* **What is being asked**
Look below for the line holding "Lot 4149: Genuine" and the line holding "Kunsthal Rotterdam. Die". Repeat those two and everything between, exactly.

* **Record set**
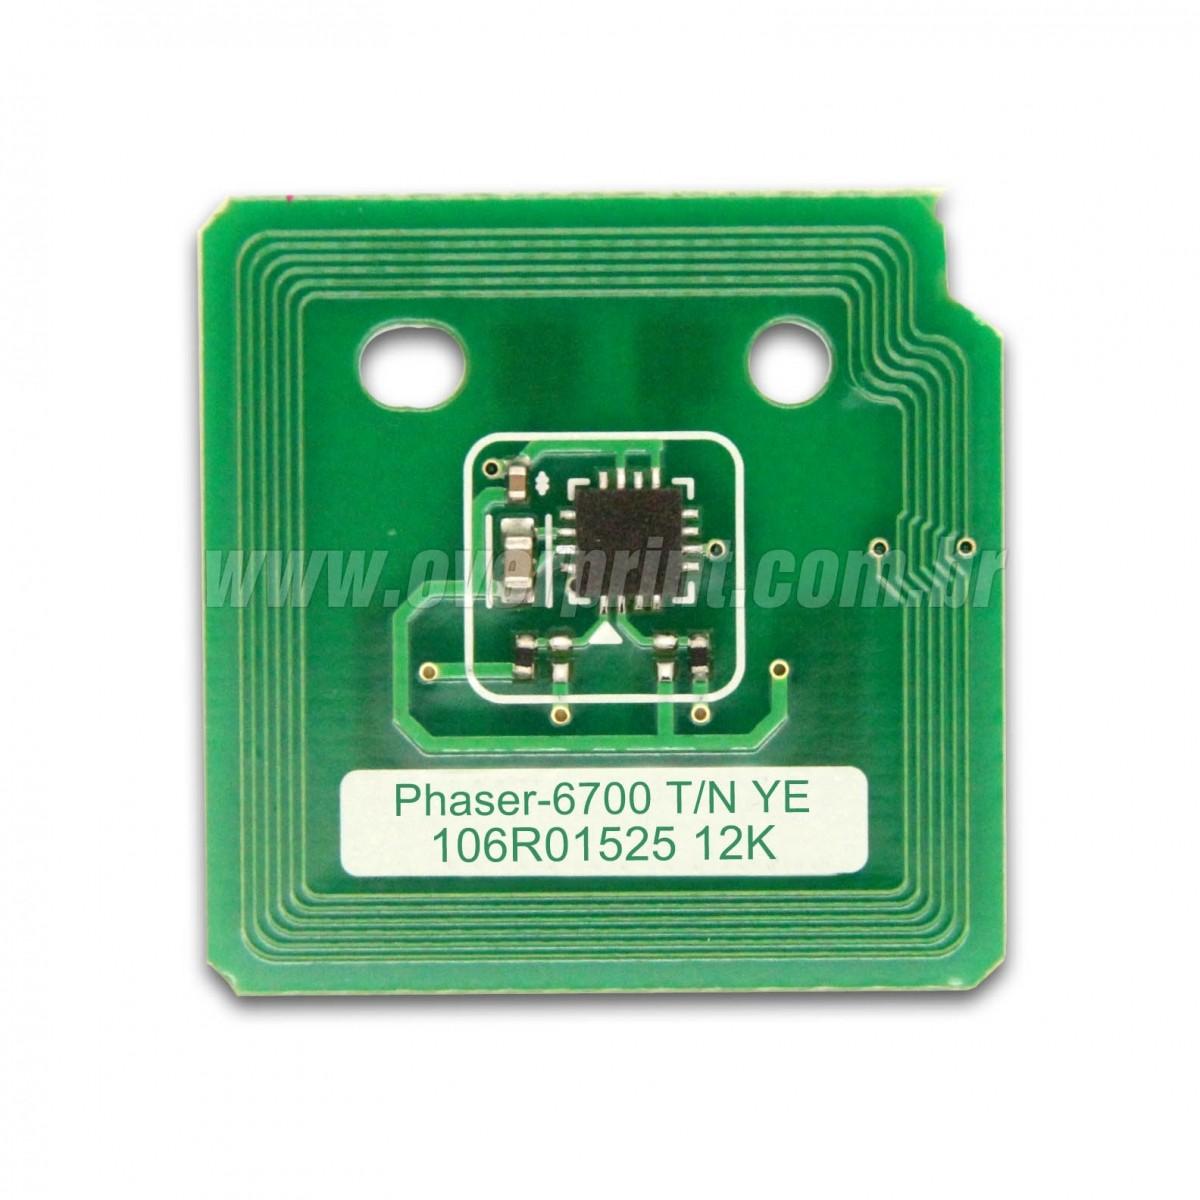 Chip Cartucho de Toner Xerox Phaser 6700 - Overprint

...

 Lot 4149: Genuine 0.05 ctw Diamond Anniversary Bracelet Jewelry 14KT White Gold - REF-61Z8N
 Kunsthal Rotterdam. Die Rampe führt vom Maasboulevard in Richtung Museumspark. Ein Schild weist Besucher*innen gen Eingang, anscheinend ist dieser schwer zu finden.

---

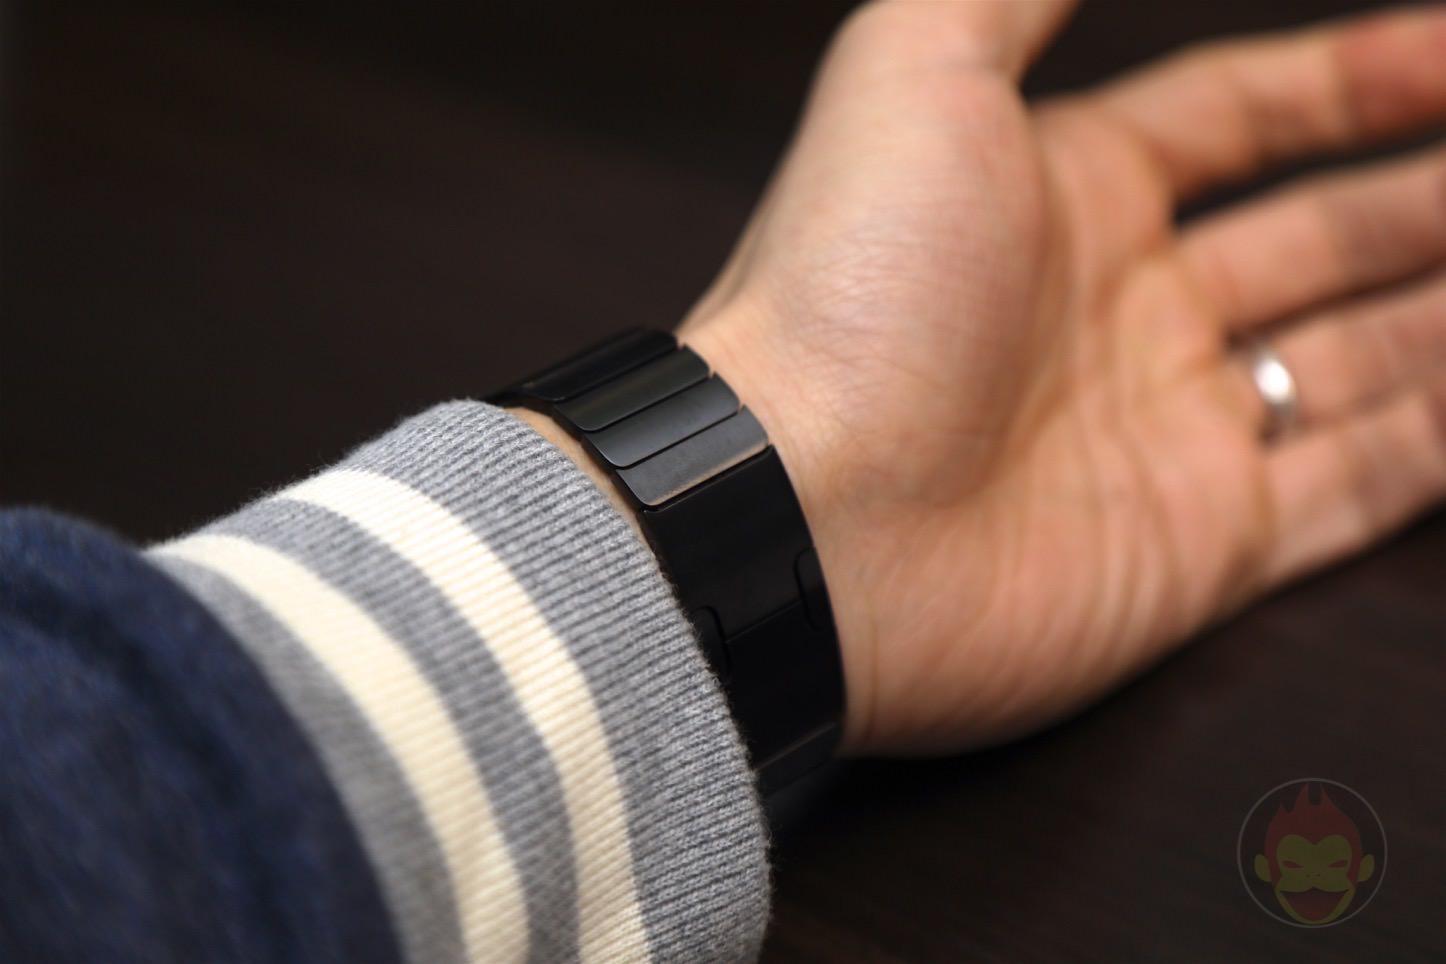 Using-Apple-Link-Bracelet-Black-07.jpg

* **Your response**
 Lot 4149: Genuine 0.05 ctw Diamond Anniversary Bracelet Jewelry 14KT White Gold - REF-61Z8N
 Kunsthal Rotterdam. Die Rampe führt vom Maasboulevard in Richtung Museumspark. Ein Schild weist Besucher*innen gen Eingang, anscheinend ist dieser schwer zu finden.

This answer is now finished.